HDAC4 partners with Nup155 and associates with the NUPs. (A) Yeast two-hybrid growth assay with baits containing either the N terminus (aa 3–281 or 3–666) or C terminus (aa 632–1084) of HDAC4 (HD4) cotransfected with the library plasmid, which identified the Nup155 C terminus. Inducible promoters on library and bait plasmids allows differential activation of expression (−/+), showing growth and therefore interaction between Nup155 and both N-terminal constructs of HDAC4, but not with the C-terminal construct. (B) Western blots for the indicated proteins from mammalian cells transfected with the indicated constructs. For the bottom two blots, HA-Nup155 was immunoprecipitated (IP) followed by Western blotting for His-HDAC4 fragments or HA-Nup155. The asterisks show the fragments that interact. Input represents 10% of protein before IP. (C) Coomassie gel showing interaction between the C terminus of Nup155 as a GST fusion protein and the N terminus of HDAC4 as an MBP fusion protein. The asterisk shows the pull-down of MBP-HDAC4 with GST-Nup155 from the GST binding column. Input protein is shown on the left. (D) Western blots from NRVMs after endogenous HDAC4 immunoprecipitation (IP) or control IgG to investigate Nup155 and nucleoporin (mAb414) interaction. (E) Immunofluorescent staining of NRVMs for endogenous HDAC4 (green, arrowheads), the NUPs (mAb414, red), and DNA (ToPro3, blue) showing partial colocalization of HDAC4 with NUPs.

Coimmunoprecipitation experiments showed that endogenous HDAC4 interacted with endogenous Nup155 in extracts from primary cultures of NRVMs (Fig. 2 D).
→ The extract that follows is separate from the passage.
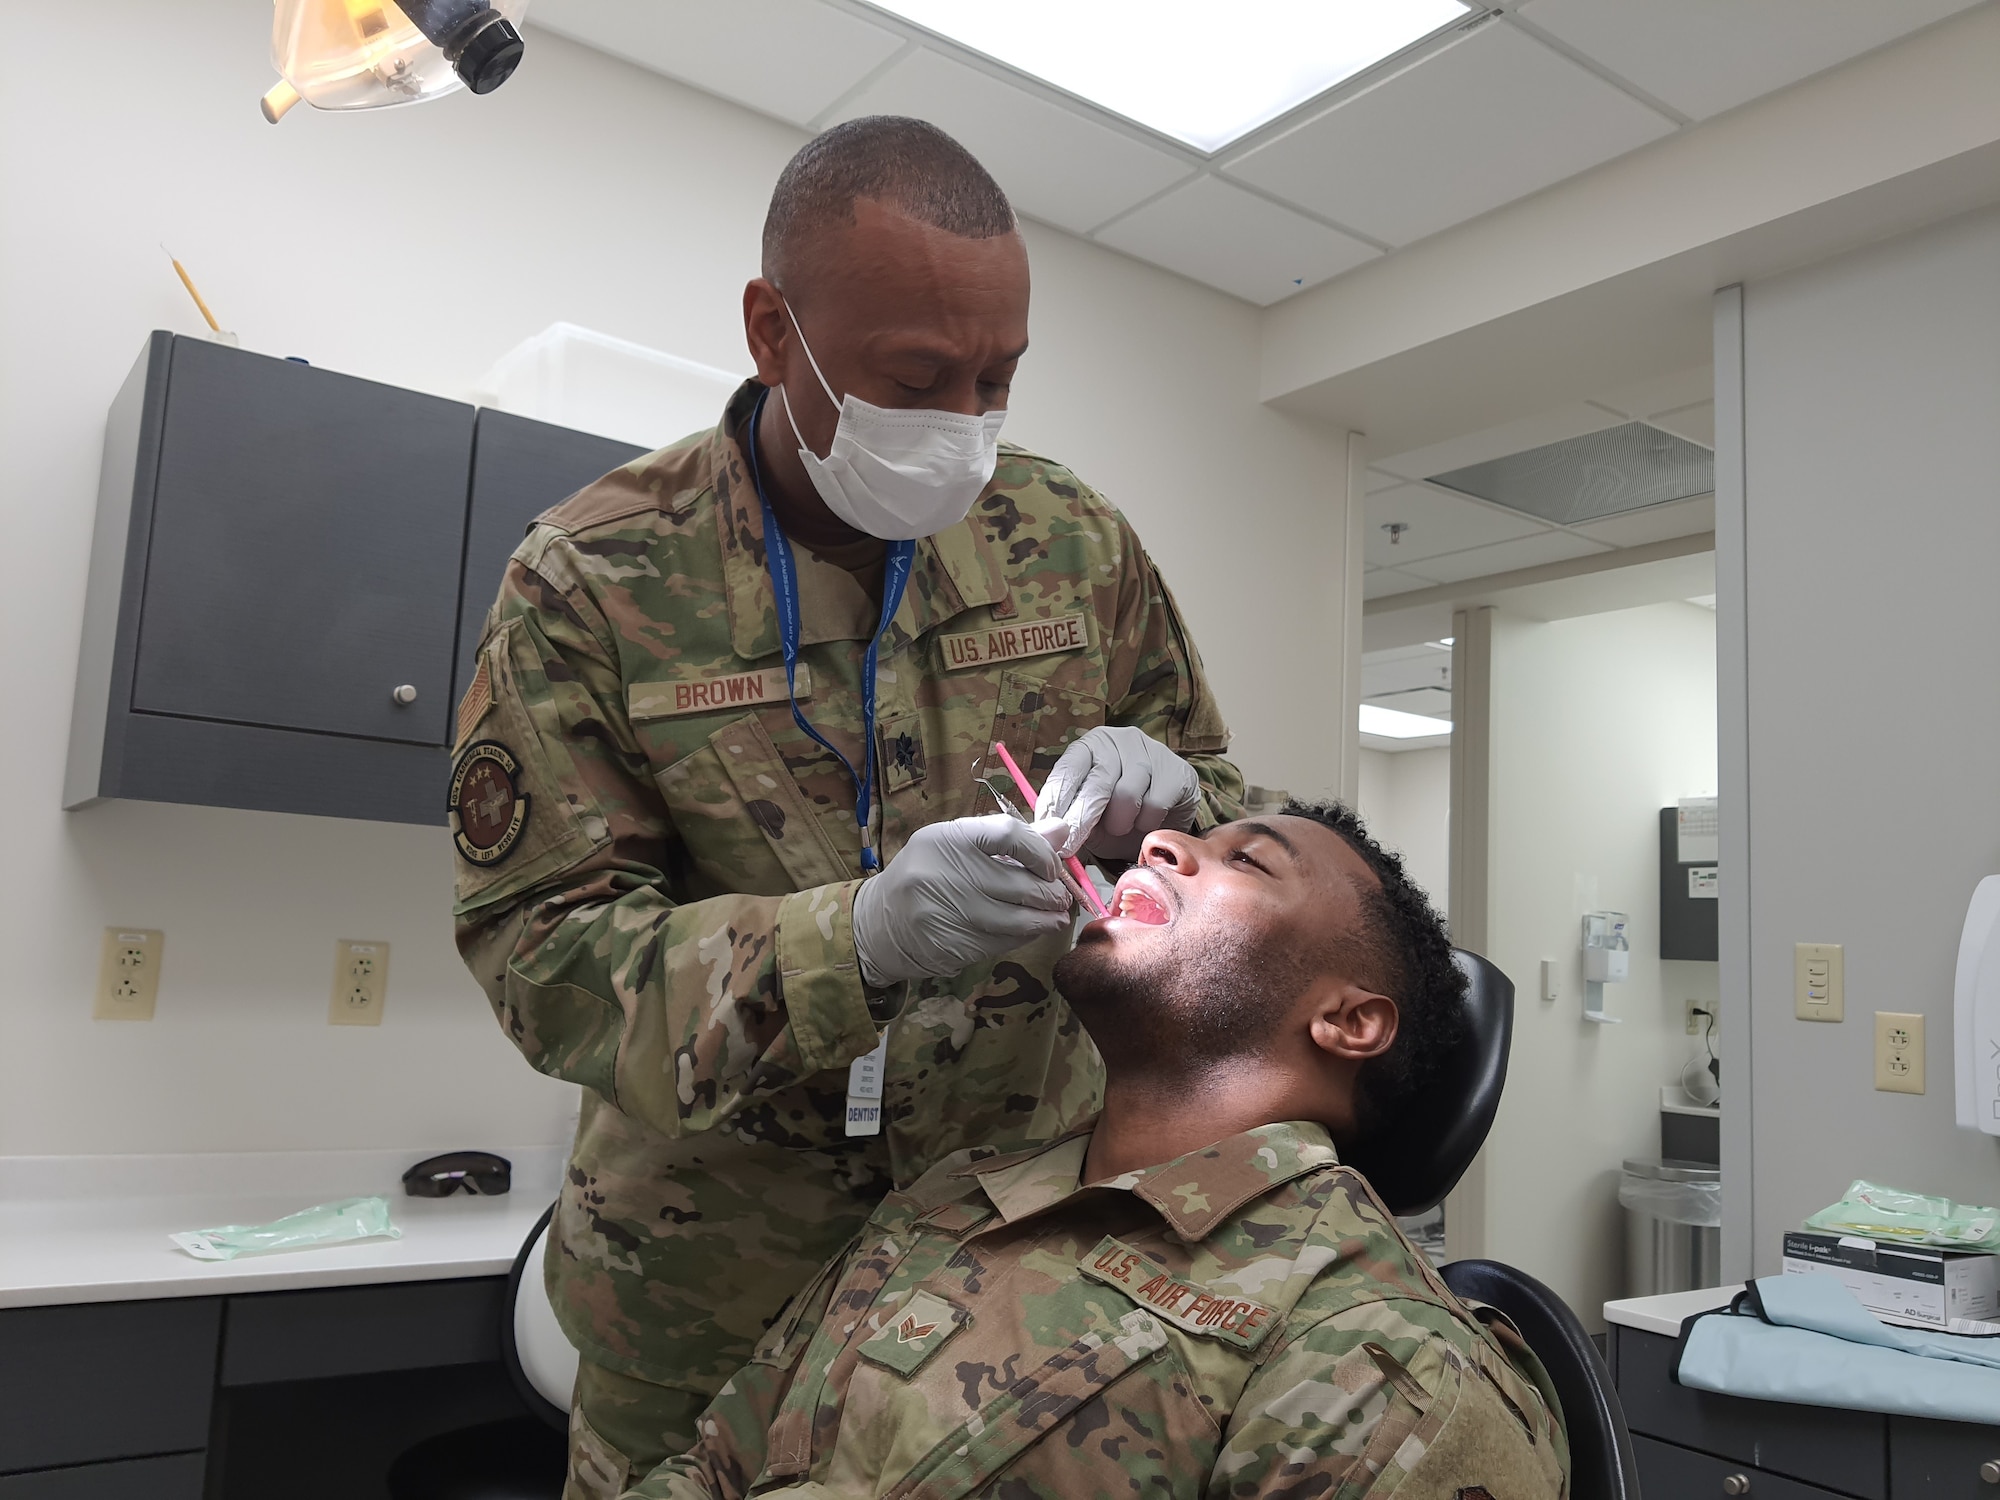 Senior Airman D'Orsay Scott, 41st Aerial Port Squadron air transportation specialist, receives his dental exam from Lt. Col. Jeffrey Brown, 403rd Aeromedical Staging Squadron dentist, Feb. 6, 2021. The 403rd ASTS is responsible for ensuring that the Reserve Citizen Airmen of the 403rd Wing are current or 'green' on their Individual Medical Readiness status; which includes providing immunizations, optometry services, dental x-rays and exams, lab draws, audiograms, and physicals. (U.S. Air Force photo by Master Sgt. Jessica Kendziorek/ photo permission granted by Senior Airman D'Orsay Scott)

We used the well-validated mAb414 monoclonal antibody raised against the entire rat nuclear pore, which recognizes several NUPs but not Nup155 (Davis and Blobel, 1986), to show that other NUPs (bands at 62 and 107 kD) may be part of this complex (Fig. 2 D, and unpublished data). Remarkably, immunofluorescent staining of cardiomyocytes showed that endogenous HDAC4 is enriched at the nuclear periphery, and partially colocalized with the mAb414 antibody (Fig. 2 E). Interestingly, HDAC5 was not able to bind Nup155 (unpublished data), suggesting greater specificity for HDAC4. Collectively, these data suggest that Nup155 and HDAC4 can interact in conjunction with other NUPs, especially at the nuclear periphery where the NPC is located.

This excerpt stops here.